[ad_1]
Phong House/Dom Architect Studio
- area:
190 sqm
Year:
2024
manufacturer: Jordan, Matsushita, tower lion, Thailand SCG, Xingfa
Text description provided by the architect. The design brief was to build a small house for a young family of 3 members, including husband and wife and a 5-year-old girl. Soon they would have more members, but they didn’t want to build ready-made bedrooms and let them sit unused. They also wanted construction costs to be kept to a minimum.
When approaching the site where the house was built we realized that the local architectural designs here have a common structure, always with a large front yard followed by a long porch at the transition into the house. Within the living space, a door system demarcates the boundaries between interior and exterior. From here we researched and proposed a solution that would always reuse the “structure” and re-create the spaces of the house.
We studied the creation of a “structure” from the general structure of a country house to a simpler structure, the arrangement of internal and external elements between public and private. From there, we arranged the structure in multiple scales, with varying depths and heights.

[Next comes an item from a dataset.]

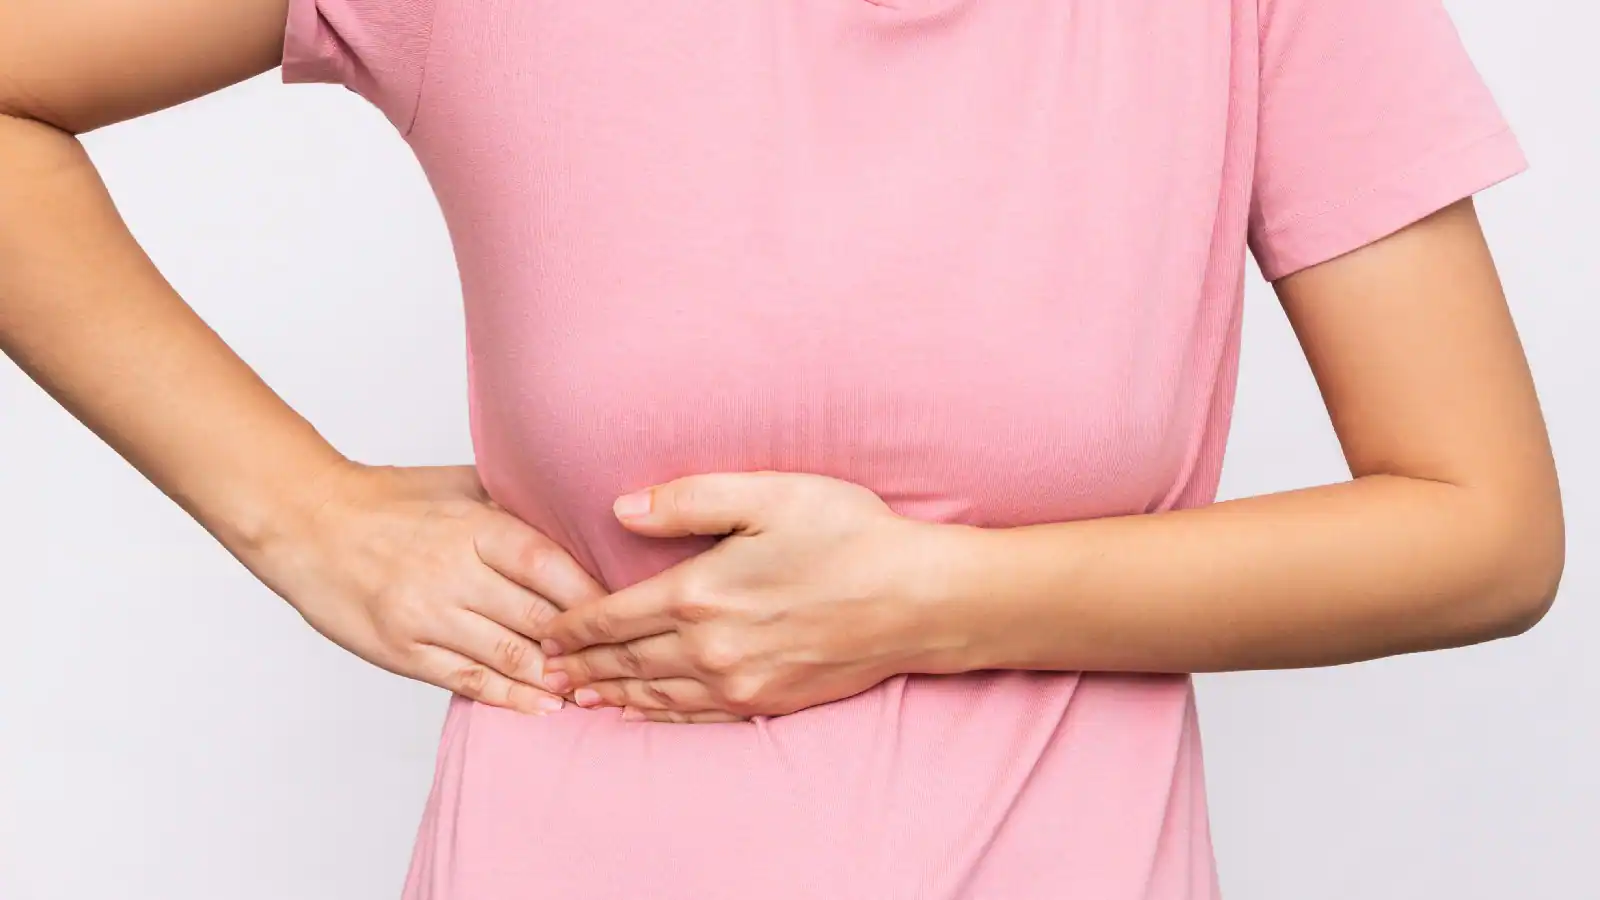 What Hurts When Your Gallbladder Is Acting Up?

This solution creates a strong connection between the spaces within the house by clearly demarcating elements between public and private or interior and exterior, thus creating the need for independent spaces (bedrooms) in the future. The future will continue effectively in the public spaces while still ensuring connections between spaces within the house.
Calculate ventilation, lighting and viewing solutions based on the structural characteristics of the space. The front door system opens to the maximum extent to take advantage of the house’s cool southerly breezes without creating convection. Thanks to the door opening system on the roof and at the back of the house, air flows from bottom to top and front to back.
We want the new generation’s houses to still retain the traditional features of previous generations. The spaces of the house will change according to future needs but still retain the nature of the vernacular housing structure that we built in the house.